The Spurs -- a beautiful basketball team in their own right, stocked with unselfish, intelligent players -- are picking LeBron apart with poetic precision, and he once again looks lost. His stats are OK, but he's clearly not the player he was even a week ago. It's like watching Eric Clapton suddenly forget how to play the guitar, or Adele lose her voice. (You know who those two musicians are, right? Don't make me feel old.)
Even Magic, who has often defended LeBron's pass-first mentality, was incredulous after he watched LeBron flounder around in Game 3 and look for everyone else's shot first, scoring just 15 points as the Spurs won 113-77.
"I was very disappointed in LeBron James, and this is probably the first time I've said that," Magic said. "He was so passive.
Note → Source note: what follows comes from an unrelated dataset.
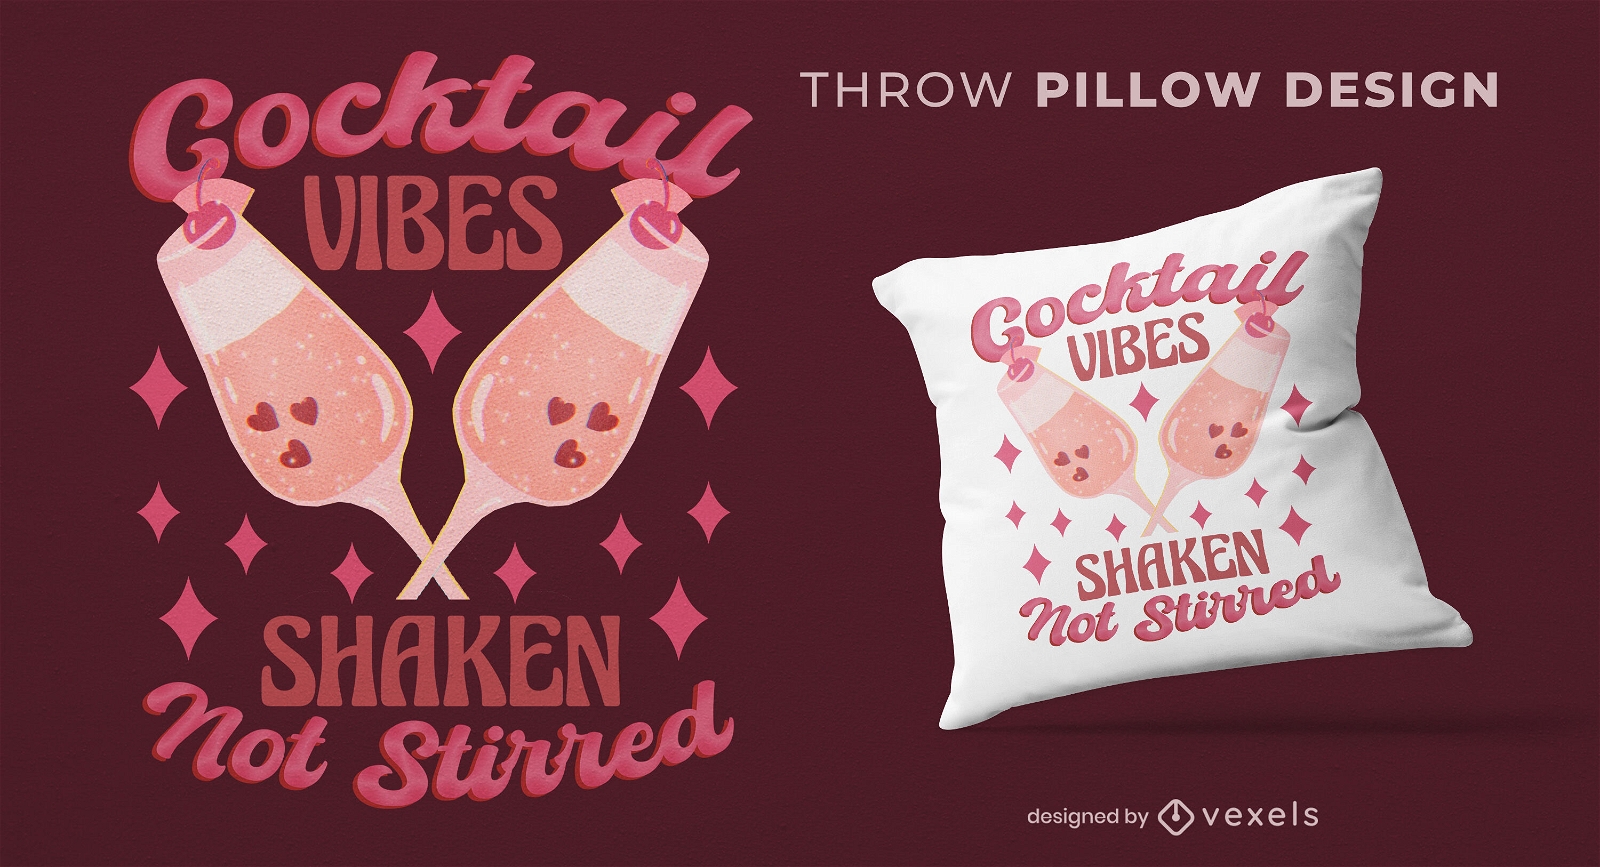 Cocktail vibes throw pillow design

You cannot rely on the other guys when you're the superstar and the best player in the league. Especially on the road. You have got to set the tone for everybody else. You take 30 or 40 shots if you have to, and you try and win this game. If he doesn't step up, this series is going to be over."
Is he once again feeling overwhelmed by the burdens of greatness? Is that really what happened in Cleveland all those years ago? It used to drive me crazy when people would suggest it reflected poorly on LeBron's character when he drove the lane and zipped the ball to Chris Bosh (he's another Heat star, sort of) for a wide-open 3-pointer. Now I find myself thinking: Should he have a little less faith in the teammates he says he loves?
I hope by the time you read this, you've learned not to twist yourself into a pretzel trying to "explain" the ever-changing narrative surrounding a professional athlete. Much of it is nonsense. LeBron James is one of the best basketball players anyone has ever seen, but he's human, and he had a bad game. Maybe it's as simple as that. I hope you embrace sports as entertainment as something beautiful and unexplainable, but you don't seek to justify your worldview in the career arc of a NBA basketball player.
It's too late for your dear old dad, of course. I'm exhausted by my inability to figure this guy out.
But I doubt I'll ever stop trying.
P.S. Actually, if you're reading this in like 2025, and I'm still trying to figure out why big moments turn LeBron into a shrinking violet, tell Mom it's time for me to take up wood carving or Sudoku or something less mentally taxing.